• TASK DIRECTIONS: Which lines of the records contain "Flowers"? Collect every one of them.

::::::

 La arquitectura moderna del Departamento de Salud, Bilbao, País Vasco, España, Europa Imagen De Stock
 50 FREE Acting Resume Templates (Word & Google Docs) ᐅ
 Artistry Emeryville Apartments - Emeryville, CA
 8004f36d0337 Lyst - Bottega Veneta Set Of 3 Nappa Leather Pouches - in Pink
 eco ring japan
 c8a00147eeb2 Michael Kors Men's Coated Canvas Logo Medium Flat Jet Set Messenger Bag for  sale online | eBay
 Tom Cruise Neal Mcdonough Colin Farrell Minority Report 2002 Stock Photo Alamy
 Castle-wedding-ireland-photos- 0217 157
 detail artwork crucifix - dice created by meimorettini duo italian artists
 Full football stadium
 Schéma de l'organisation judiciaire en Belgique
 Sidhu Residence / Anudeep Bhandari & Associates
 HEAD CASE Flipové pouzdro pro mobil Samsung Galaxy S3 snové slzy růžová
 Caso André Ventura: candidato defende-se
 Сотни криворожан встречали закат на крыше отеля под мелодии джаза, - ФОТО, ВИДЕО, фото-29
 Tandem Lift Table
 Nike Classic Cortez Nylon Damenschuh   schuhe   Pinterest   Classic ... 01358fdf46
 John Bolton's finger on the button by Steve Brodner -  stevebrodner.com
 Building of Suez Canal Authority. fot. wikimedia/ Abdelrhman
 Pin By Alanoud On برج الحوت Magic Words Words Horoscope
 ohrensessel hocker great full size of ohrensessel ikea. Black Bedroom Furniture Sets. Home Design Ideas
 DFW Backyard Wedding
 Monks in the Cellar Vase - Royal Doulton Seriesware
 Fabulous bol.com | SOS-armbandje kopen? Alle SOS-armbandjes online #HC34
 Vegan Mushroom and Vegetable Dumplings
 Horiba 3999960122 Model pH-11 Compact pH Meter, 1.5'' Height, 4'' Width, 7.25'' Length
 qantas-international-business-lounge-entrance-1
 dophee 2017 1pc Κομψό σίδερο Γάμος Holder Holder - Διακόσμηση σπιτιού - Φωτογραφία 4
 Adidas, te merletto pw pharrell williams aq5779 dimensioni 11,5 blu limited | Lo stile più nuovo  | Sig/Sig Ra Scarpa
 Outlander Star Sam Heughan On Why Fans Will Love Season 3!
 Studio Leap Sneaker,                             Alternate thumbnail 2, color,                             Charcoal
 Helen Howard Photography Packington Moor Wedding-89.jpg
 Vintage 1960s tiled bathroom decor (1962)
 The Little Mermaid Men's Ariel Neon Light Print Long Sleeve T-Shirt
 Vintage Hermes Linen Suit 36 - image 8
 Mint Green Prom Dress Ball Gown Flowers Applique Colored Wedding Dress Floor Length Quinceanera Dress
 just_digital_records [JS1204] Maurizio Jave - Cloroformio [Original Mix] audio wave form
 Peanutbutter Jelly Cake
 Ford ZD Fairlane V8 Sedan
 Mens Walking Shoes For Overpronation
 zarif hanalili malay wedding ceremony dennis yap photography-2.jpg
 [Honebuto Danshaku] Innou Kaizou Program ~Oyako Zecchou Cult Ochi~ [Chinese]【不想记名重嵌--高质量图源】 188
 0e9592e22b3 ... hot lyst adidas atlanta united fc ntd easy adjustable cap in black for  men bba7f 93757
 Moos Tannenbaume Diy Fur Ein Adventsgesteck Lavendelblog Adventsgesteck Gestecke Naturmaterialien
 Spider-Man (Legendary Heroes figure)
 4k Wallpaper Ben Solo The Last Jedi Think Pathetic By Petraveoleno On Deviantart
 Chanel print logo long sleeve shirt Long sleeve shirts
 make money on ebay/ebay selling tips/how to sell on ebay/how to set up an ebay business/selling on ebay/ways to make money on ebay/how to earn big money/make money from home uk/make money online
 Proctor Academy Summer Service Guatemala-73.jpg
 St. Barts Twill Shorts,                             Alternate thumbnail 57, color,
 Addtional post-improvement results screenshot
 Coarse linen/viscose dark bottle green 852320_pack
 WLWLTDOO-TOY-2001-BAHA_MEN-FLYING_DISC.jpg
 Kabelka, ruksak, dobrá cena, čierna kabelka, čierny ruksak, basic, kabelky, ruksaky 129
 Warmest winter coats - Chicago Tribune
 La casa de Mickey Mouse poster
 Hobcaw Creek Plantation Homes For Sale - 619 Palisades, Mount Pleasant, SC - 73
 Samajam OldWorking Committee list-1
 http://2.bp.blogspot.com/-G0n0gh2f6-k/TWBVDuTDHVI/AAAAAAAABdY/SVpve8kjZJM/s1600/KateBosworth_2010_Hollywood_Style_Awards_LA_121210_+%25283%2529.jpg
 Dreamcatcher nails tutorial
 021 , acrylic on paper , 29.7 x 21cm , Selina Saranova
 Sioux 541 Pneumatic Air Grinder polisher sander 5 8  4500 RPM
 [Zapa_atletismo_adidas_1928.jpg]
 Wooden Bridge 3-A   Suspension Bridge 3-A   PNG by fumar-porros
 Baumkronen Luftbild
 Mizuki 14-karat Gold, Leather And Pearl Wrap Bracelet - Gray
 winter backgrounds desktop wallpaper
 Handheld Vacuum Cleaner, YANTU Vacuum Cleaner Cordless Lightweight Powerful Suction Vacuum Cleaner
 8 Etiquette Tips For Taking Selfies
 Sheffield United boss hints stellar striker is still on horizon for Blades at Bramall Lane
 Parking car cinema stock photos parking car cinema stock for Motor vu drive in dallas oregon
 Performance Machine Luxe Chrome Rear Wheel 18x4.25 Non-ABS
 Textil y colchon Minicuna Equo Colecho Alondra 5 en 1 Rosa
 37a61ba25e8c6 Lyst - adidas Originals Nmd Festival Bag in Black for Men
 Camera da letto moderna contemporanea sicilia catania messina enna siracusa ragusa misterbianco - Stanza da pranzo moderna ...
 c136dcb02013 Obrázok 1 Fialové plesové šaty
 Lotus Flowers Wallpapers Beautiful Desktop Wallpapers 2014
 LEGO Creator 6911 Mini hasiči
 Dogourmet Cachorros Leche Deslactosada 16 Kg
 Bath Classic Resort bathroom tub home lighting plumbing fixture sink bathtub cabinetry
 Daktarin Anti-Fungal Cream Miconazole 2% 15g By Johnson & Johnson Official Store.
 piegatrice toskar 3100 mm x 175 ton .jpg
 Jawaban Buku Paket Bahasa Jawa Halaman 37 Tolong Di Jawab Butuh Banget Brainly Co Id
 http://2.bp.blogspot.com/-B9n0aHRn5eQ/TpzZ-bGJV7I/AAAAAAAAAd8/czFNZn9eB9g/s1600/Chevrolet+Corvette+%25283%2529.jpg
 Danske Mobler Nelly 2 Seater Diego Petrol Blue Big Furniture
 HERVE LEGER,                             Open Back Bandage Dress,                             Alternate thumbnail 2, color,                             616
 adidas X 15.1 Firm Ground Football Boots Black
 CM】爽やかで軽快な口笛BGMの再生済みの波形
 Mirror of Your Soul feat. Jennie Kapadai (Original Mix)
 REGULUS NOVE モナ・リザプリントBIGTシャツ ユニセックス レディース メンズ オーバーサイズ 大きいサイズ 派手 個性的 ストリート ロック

::::::

• PROBLEM SOLUTION:
 Mint Green Prom Dress Ball Gown Flowers Applique Colored Wedding Dress Floor Length Quinceanera Dress
 Lotus Flowers Wallpapers Beautiful Desktop Wallpapers 2014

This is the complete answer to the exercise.